Kirchoff’s Equation

According to Kirchhoff's Law, the enthalpy of a reaction is temperature-dependent. Generally, with an increase in temperature, the enthalpy of any substance also increases, and as such, the enthalpy of both the products and the reactants is increased. If the change in enthalpy of products and reactants is not the same, it will alter the overall enthalpy of the reaction. The heat capacity at constant pressure is equal to the change in enthalpy with respect to the change in temperature. Now, if the heat capacities are independent of temperature, then the change in enthalpy will be some function of this difference in temperature and heat capacities.

Kirchhoff's Law

The variation of enthalpy of a reaction with changes in temperature. In general, the enthalpy of any substance increases with temperature, which means both the products and the reactants' enthalpies increase. The overall enthalpy of the reaction will change if the increase in the enthalpy of products and reactants is different.

At constant pressure, the heat capacity is equal to the change in enthalpy divided by the change in temperature.

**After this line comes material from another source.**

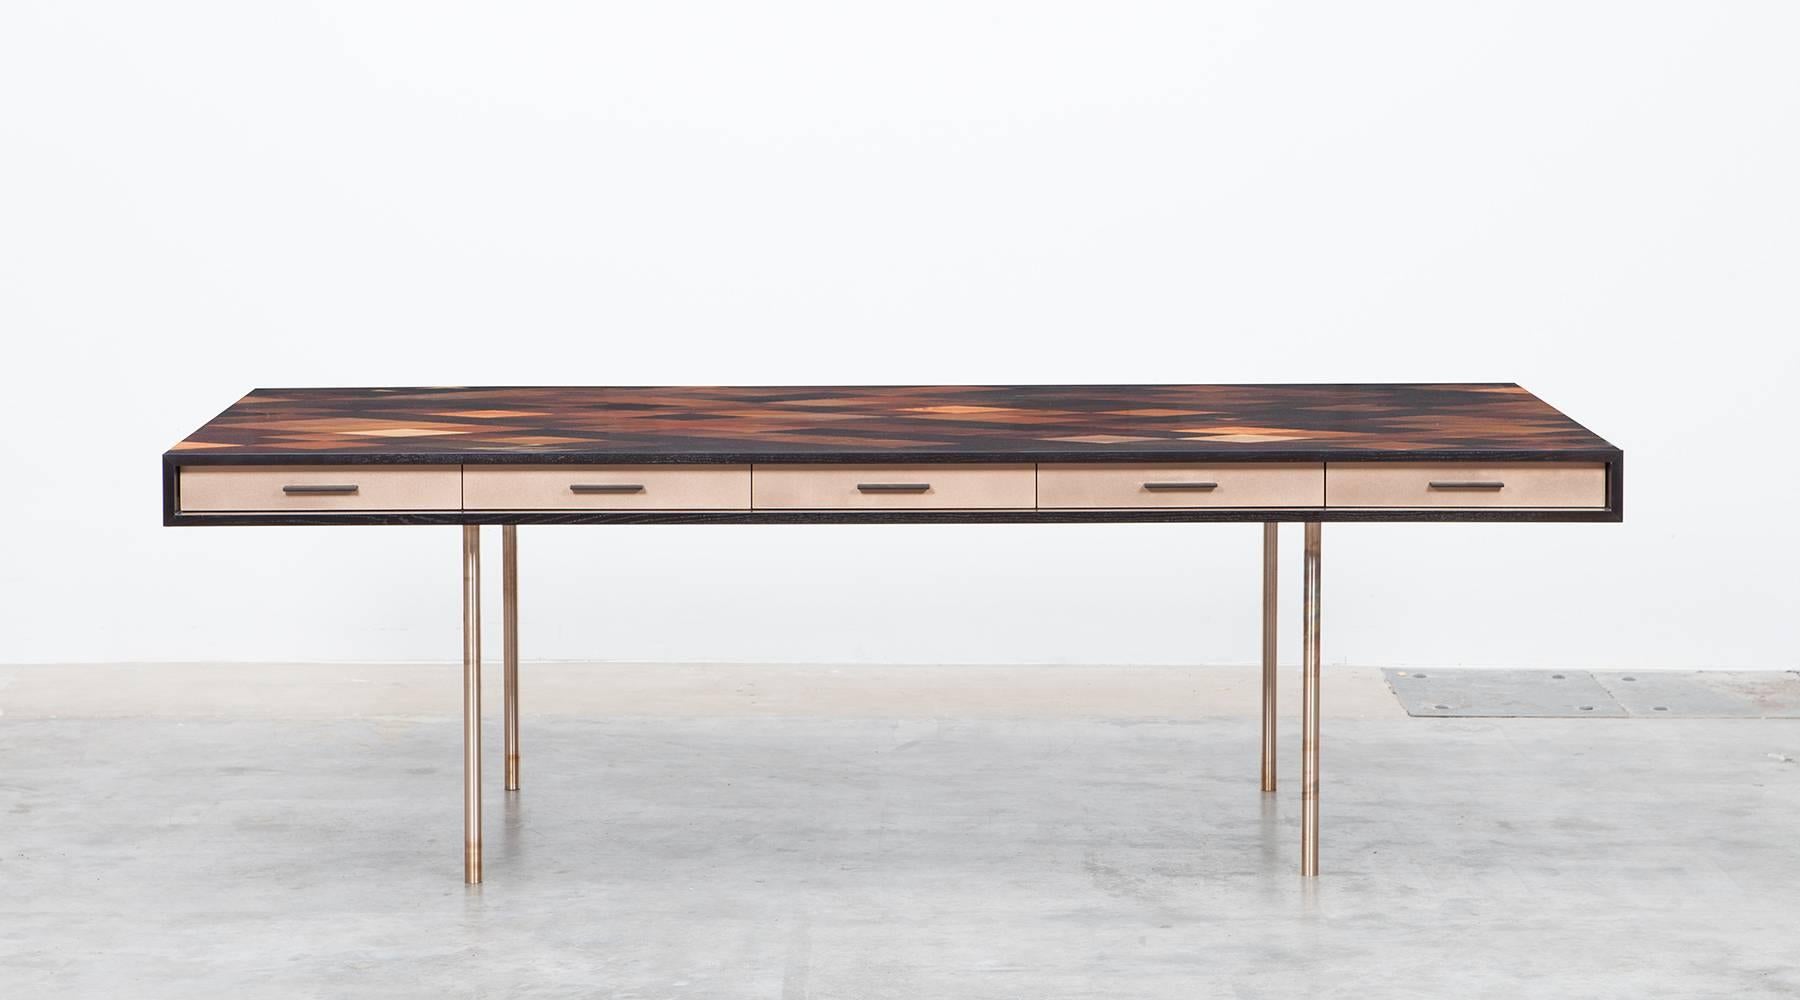 Desk by contemporary artist Johannes Hock, veneered tabletop in diamond pattern with thirty different types of wood. Five front drawers in bronze. Hidden access to electricity under the pattern which can be adjusted to personal taste. Similar

$c_p=\frac{\Delta H}{\Delta T}$...............1

Therefore, if the heat capacities do not vary with temperature then the change in enthalpy is a function of the difference in temperature and heat capacities. The amount that the enthalpy changes by is proportional to the product of temperature change and change in heat capacities of products and reactants. A weighted sum is used to calculate the change in heat capacity to incorporate the ratio of the molecules involved since all molecules have different heat capacities at different states.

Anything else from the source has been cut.